Exclude the pictures and reproduce the remaining data exactly as written.

• _GIVEN DATA_
■ ■ ■ ■ ■ ■ ■

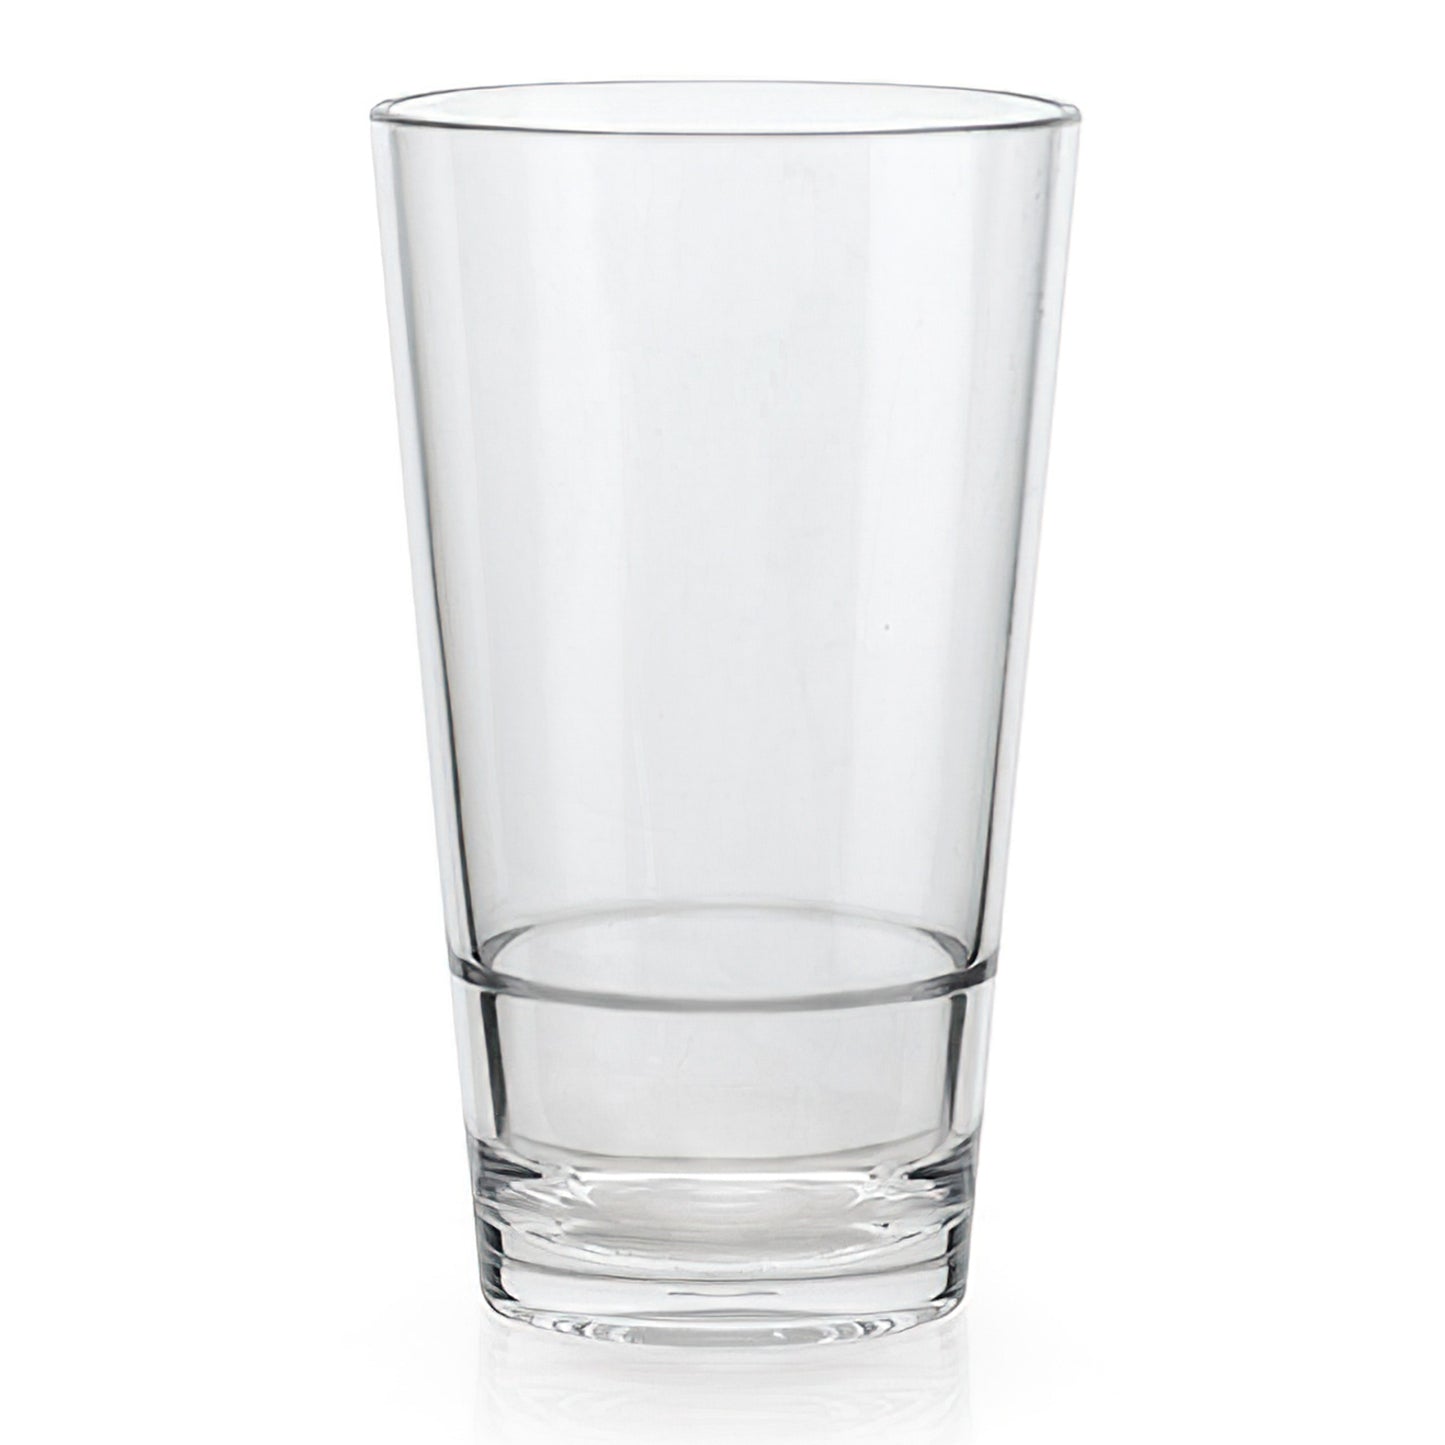 20 oz. (21 oz. rim-full), 3.4" Stackable Glass, 6.6" Tall (12 Pack)
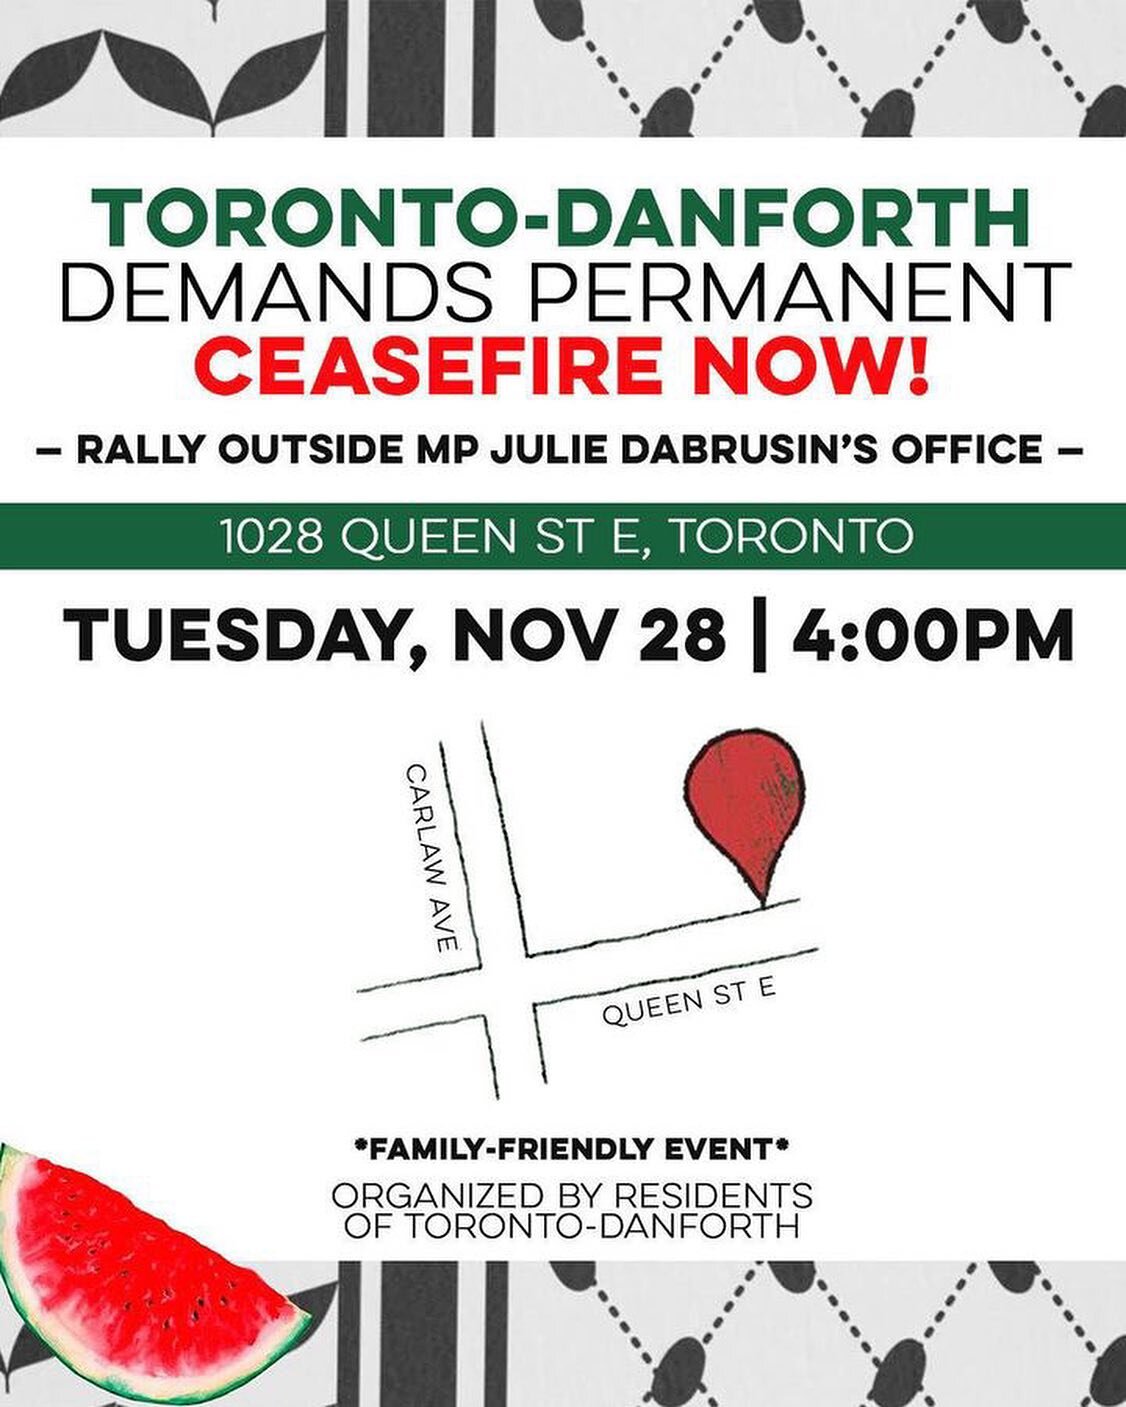 From Davenport to Danforth! 🤩 Another group of Toronto residents has been organizing to pressure their MP to call for a permanent ceasefire! WE LOVE TO SEE IT ✊

East-enders! Join on Tuesday at 4PM at Julie Dabrusin&rsquo;s office, 1028 Queen St E!

■ ■ ■ ■ ■ ■ ■

• _RESULT OF THIS TASK_
 20 oz. (21 oz. rim-full), 3.4" Stackable Glass, 6.6" Tall (12 Pack)
 From Davenport to Danforth! 🤩 Another group of Toronto residents has been organizing to pressure their MP to call for a permanent ceasefire! WE LOVE TO SEE IT ✊

East-enders! Join on Tuesday at 4PM at Julie Dabrusin&rsquo;s office, 1028 Queen St E!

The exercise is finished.